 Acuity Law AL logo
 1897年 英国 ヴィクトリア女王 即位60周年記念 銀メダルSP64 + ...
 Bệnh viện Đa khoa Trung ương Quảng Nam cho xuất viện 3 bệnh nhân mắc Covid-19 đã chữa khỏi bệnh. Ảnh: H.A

=======

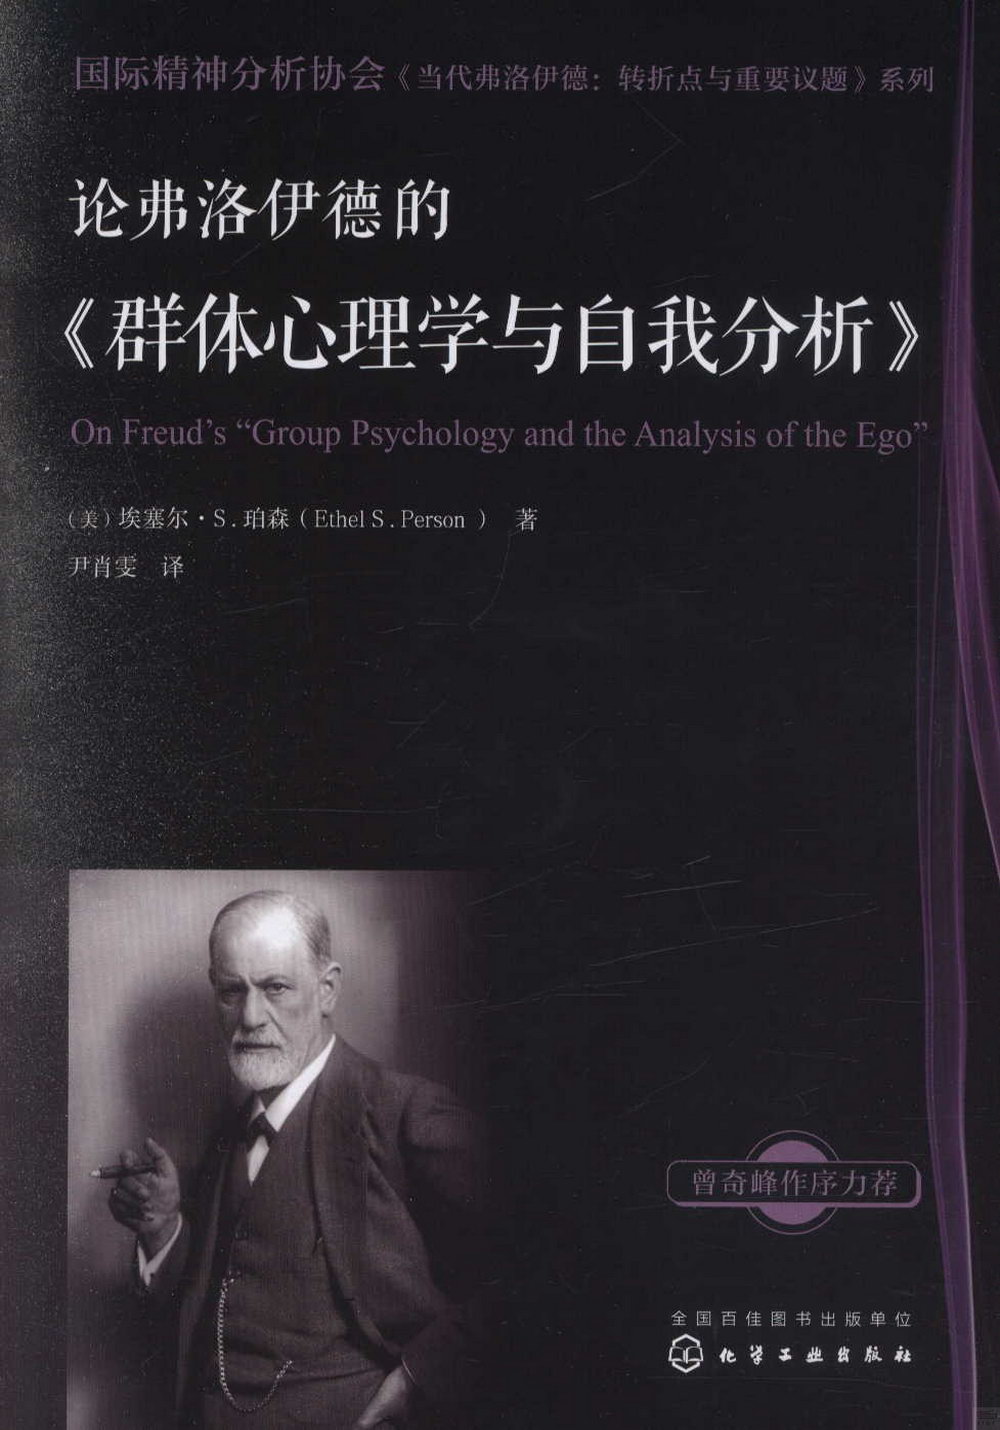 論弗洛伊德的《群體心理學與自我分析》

=======

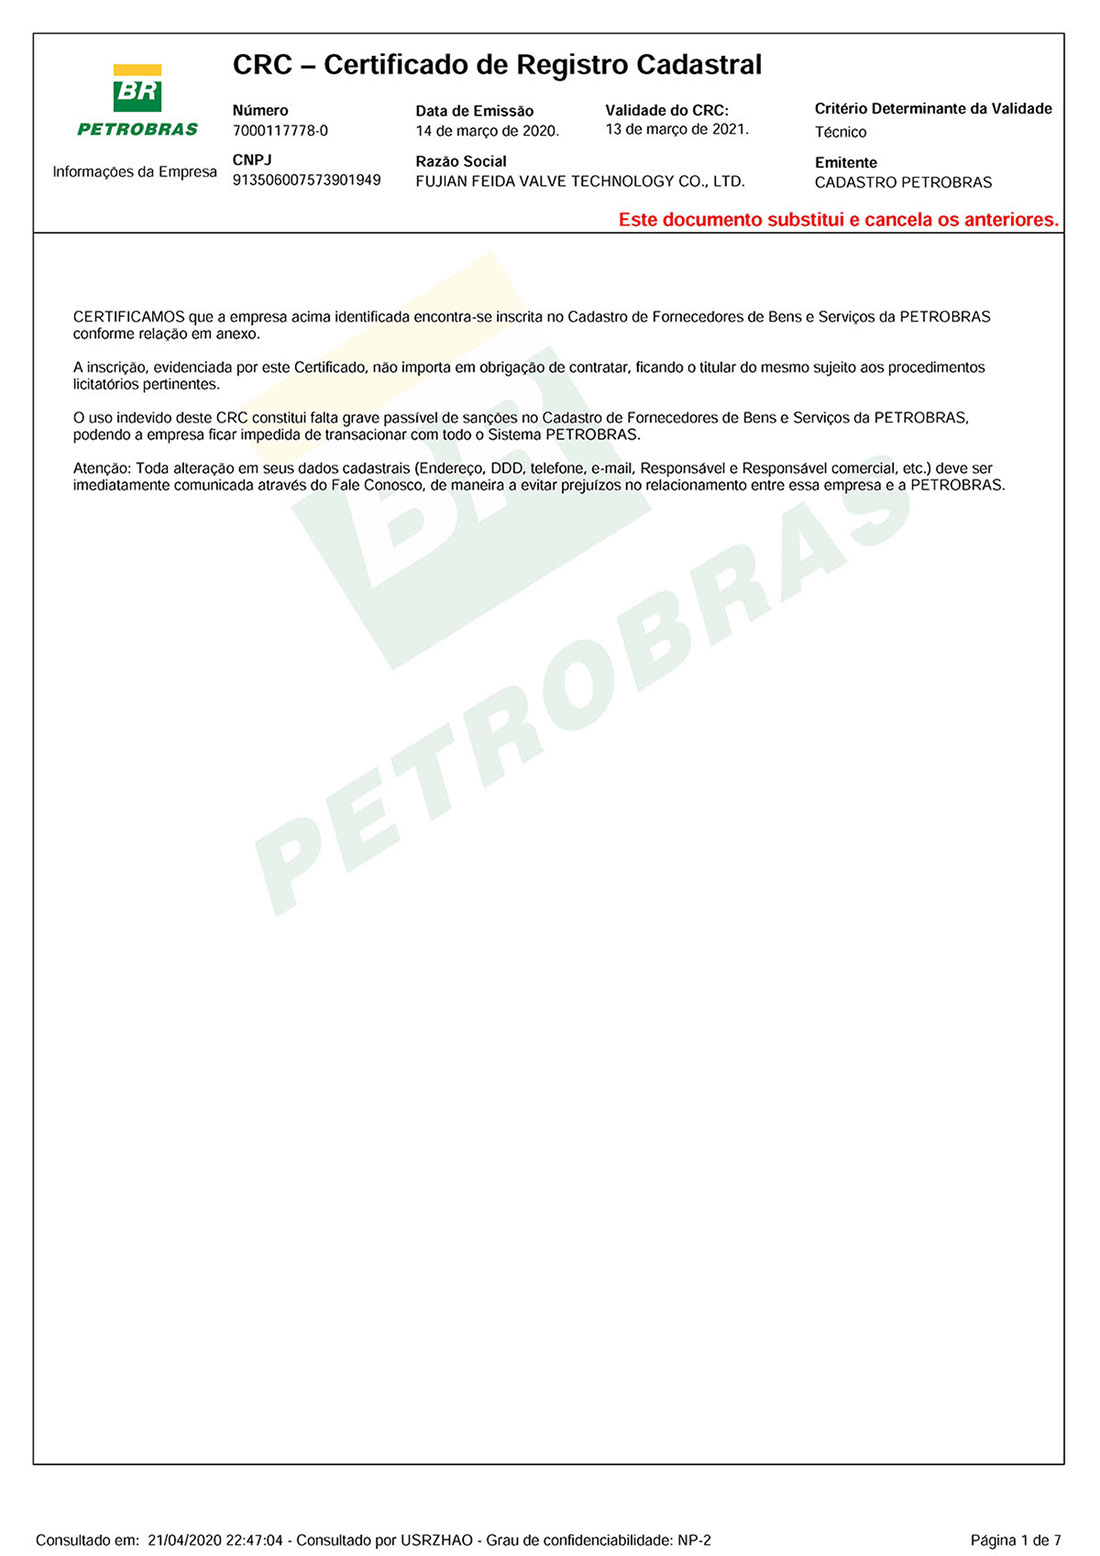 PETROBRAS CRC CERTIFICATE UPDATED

=======

■ **EXERCISE AIM**
Reproduce verbatim the lines above, from the line with "1897年 英国 ヴィクトリア女王 即位60周年記念 銀メダルSP64 + ..." through the line with "Bệnh viện Đa".

■ **EXERCISE RESULT**
 1897年 英国 ヴィクトリア女王 即位60周年記念 銀メダルSP64 + ...
 Bệnh viện Đa khoa Trung ương Quảng Nam cho xuất viện 3 bệnh nhân mắc Covid-19 đã chữa khỏi bệnh. Ảnh: H.A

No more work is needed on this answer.